Mother's Day: Motherhood costs women $250,000 in lost wages
Mother's Day isn't enough to make up for what motherhood costs. On average, mothers will give up nearly $250,000 in lifetime earnings by deciding to have a child.
Melanie Stetson Freeman/Staff/File
Whatever you’re planning to buy Mom for Mother’s Day, it isn’t enough.
We know the expense to raise a child has never been higher, and only looks to rise.
The cost to middle-income families to raise a child born in 2013 will be $241,080 over 18 years, according to the United States Department of Agriculture – nearly a 3% increase from 2011. Add to that the cost of college and the rising cost of daycare – which in 31 states is now higher than the price of in-state university tuition – and we progeny become pretty pricey prospects.
But that’s not the full story. What about the uncounted costs of being a mother?
Some economists have long argued that work-at-home mothers should be included in the nation’s GDP – and if so, would total between 21% and 50% of many nations’ economic output. Salary.com takes an annual stab at putting a price on motherhood. If transportation, janitorial, logistical and psychological support were calculated, stay-at-home mothers would earn a “mom salary” of $118,905 a year, according to its 2014 survey.

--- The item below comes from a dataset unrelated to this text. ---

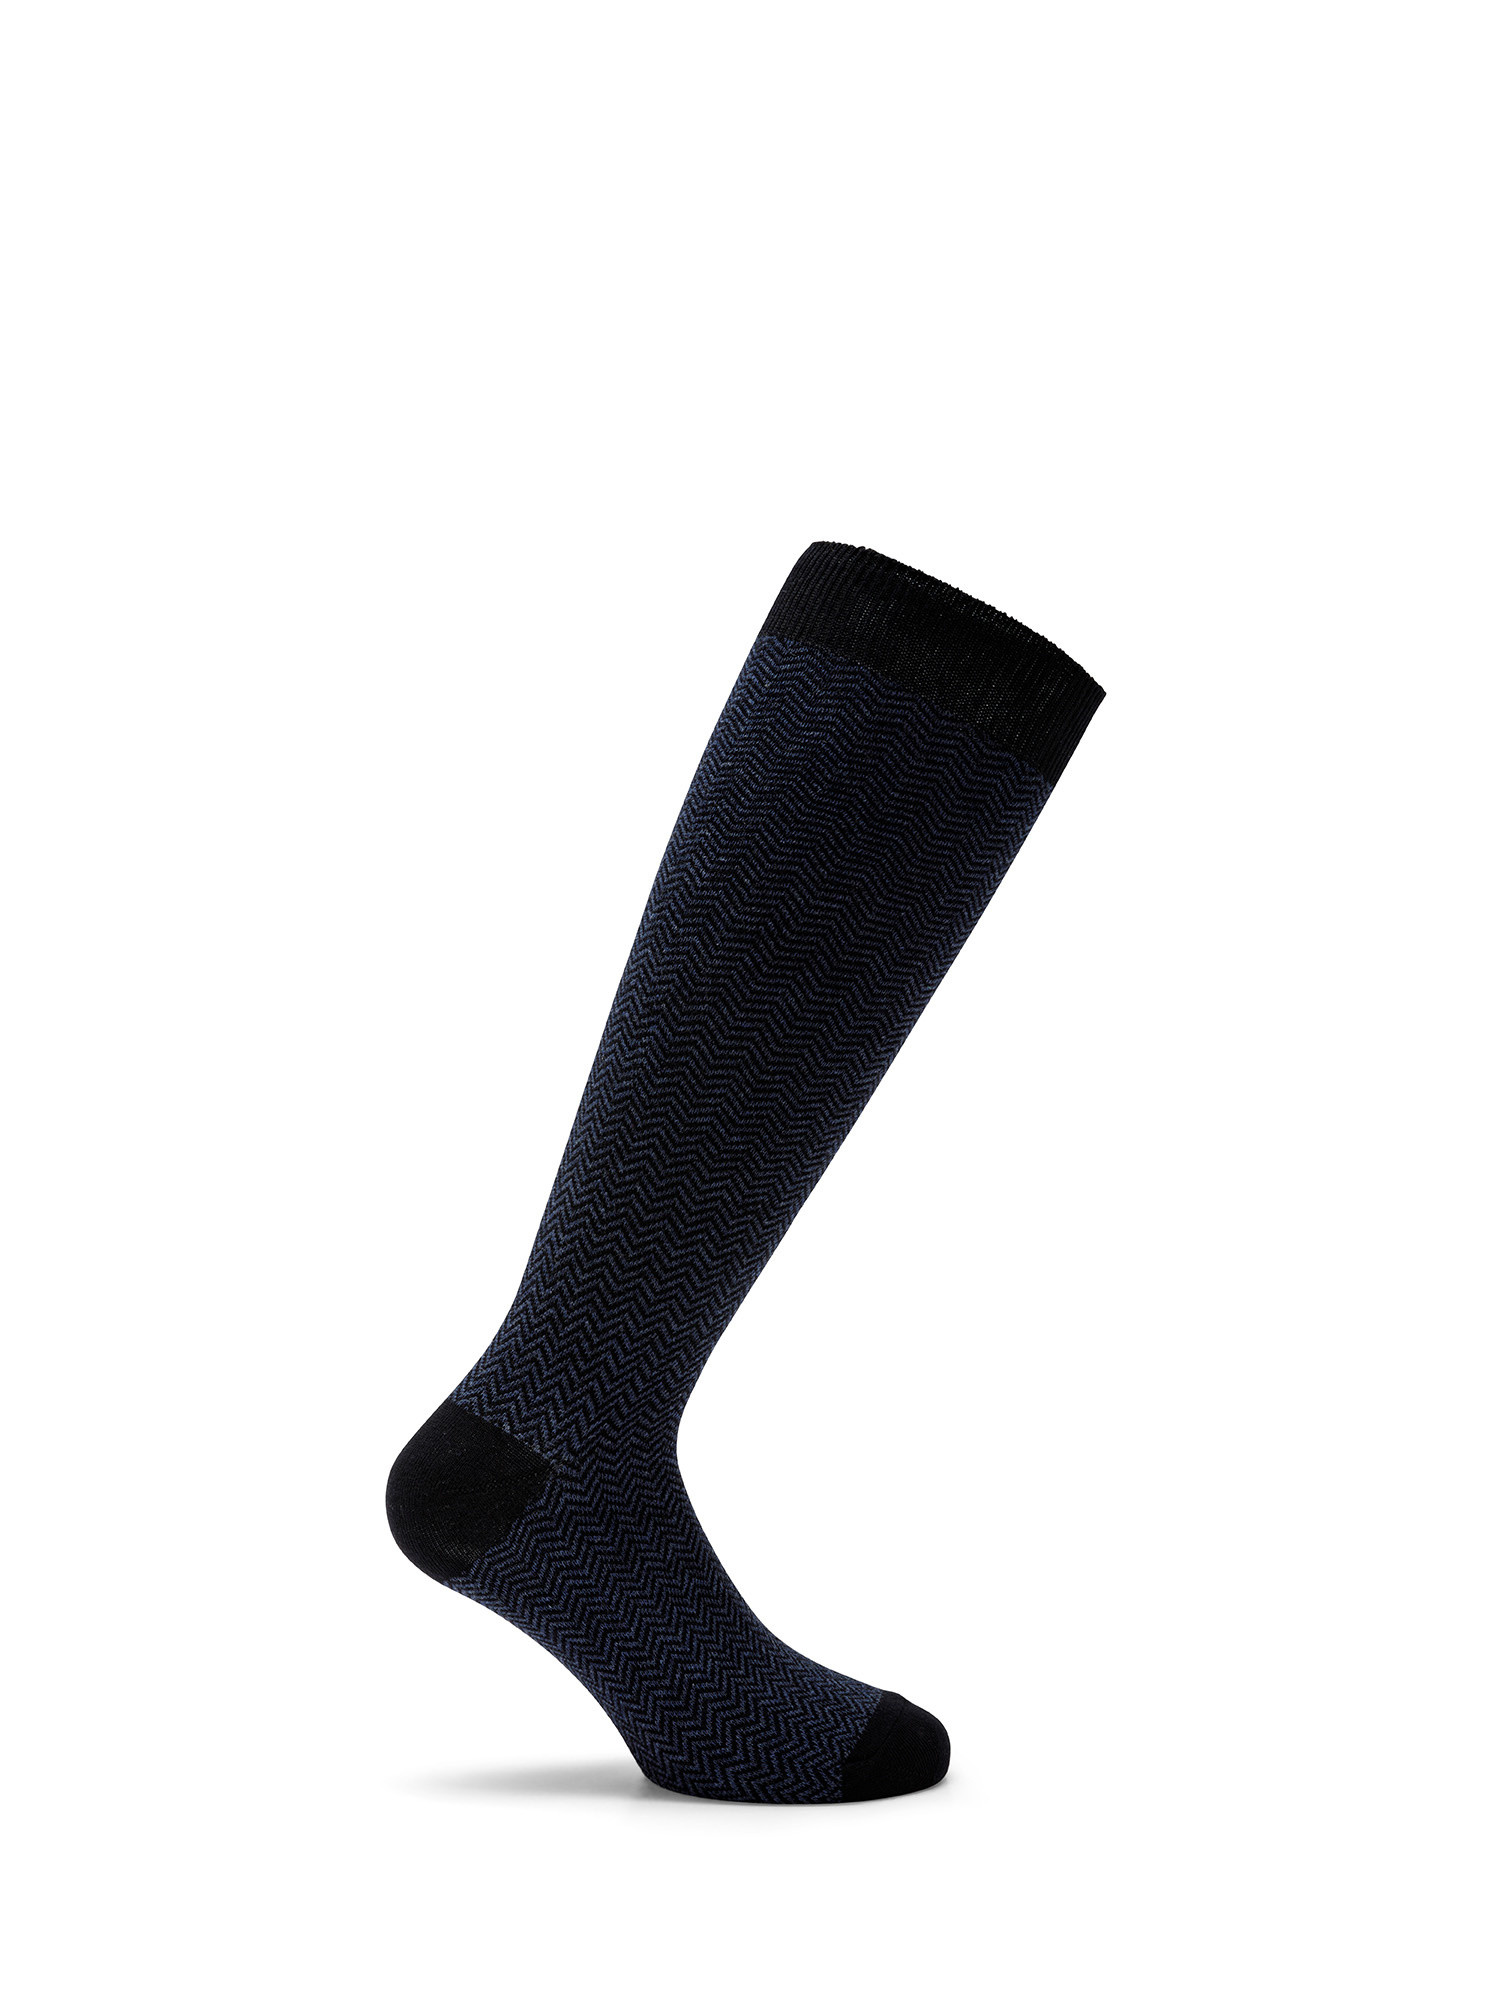 Luca D'Altieri - Set of 3 patterned long socks, Dark Blue, large image number 1

Firmer statistical ground is found in research on total lost wages that motherhood brings. Economist Amalia Miller at the University of Virginia found in 2005 that for every year a women defers having a child equals a 10% increase in lifetime wages. More recently, a trio of researchers writing for the National Bureau of Economic Research takes it even further, looking at the average loss of wages depending on skill levels of women, using Armed Forces Qualification Test scores.

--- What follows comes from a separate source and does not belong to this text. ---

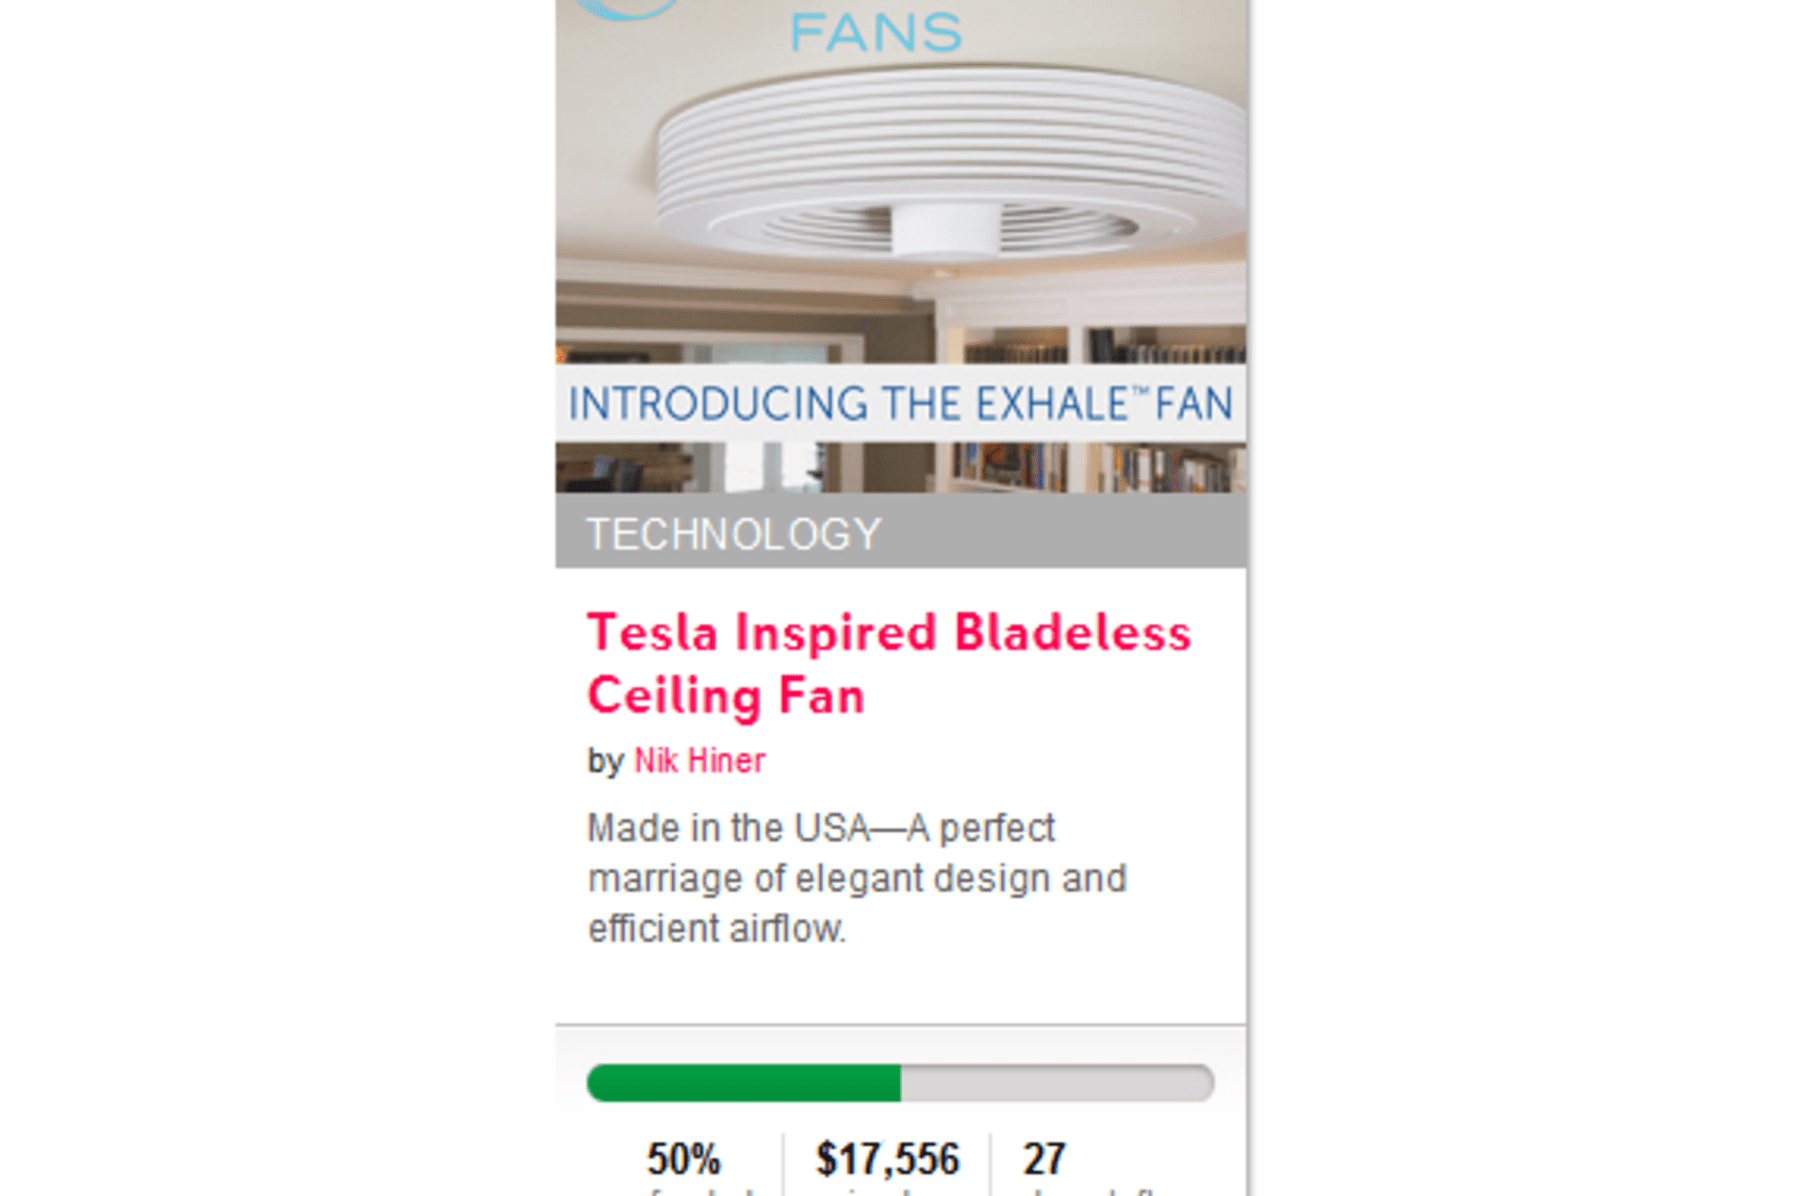 Tesla Inspired Bladeless Ceiling Fan

The result? For highly skilled women, the lifetime cost in lost earnings from motherhood – even if she returns to work – is estimated at $230,000. Low-scoring women lose about $49,000 of lost salary after becoming mothers.
“Our findings strongly indicate that the wage costs of childbearing are vastly higher for high-skill women, that these wage penalties persist over time, and that having children later may reduce, but will not eliminate the significant lifetime costs of childbearing for higher skill women,” write researchers Elizabeth Ty Wilde, Lily Batchelder and David T. Ellwood.
And the percentage of lost wages is much higher the more skilled the woman.
“If a low-scoring woman chooses to have children, she will give up 10 to 14% of her potential lifetime earnings. But a high scoring woman will give up nearly 21 to 33% of earnings,” they write.
Other findings: High scorers are more likely to work full-time all year prior to birth. They are more likely to be working part-time five years after birth than low-skilled women, who are more likely to leave work altogether.
Their research suggests that economic factors are increasingly influencing patterns of human propagation.
“We suspect that dramatic changes in the 1960s: the women’s movement, the pill, the expansion in work opportunities for women, and altered attitudes about maternal work and premarital sexual activity, all gave women a new ability to control fertility and potential incentives to do so,” they write. “In effect, these social and economic changes allowed economic forces to play a much stronger role in decisions about fertility.”
And men? Childbirth has no impact on the lifetime wages of fathers, no matter how skilled they are, the researchers found.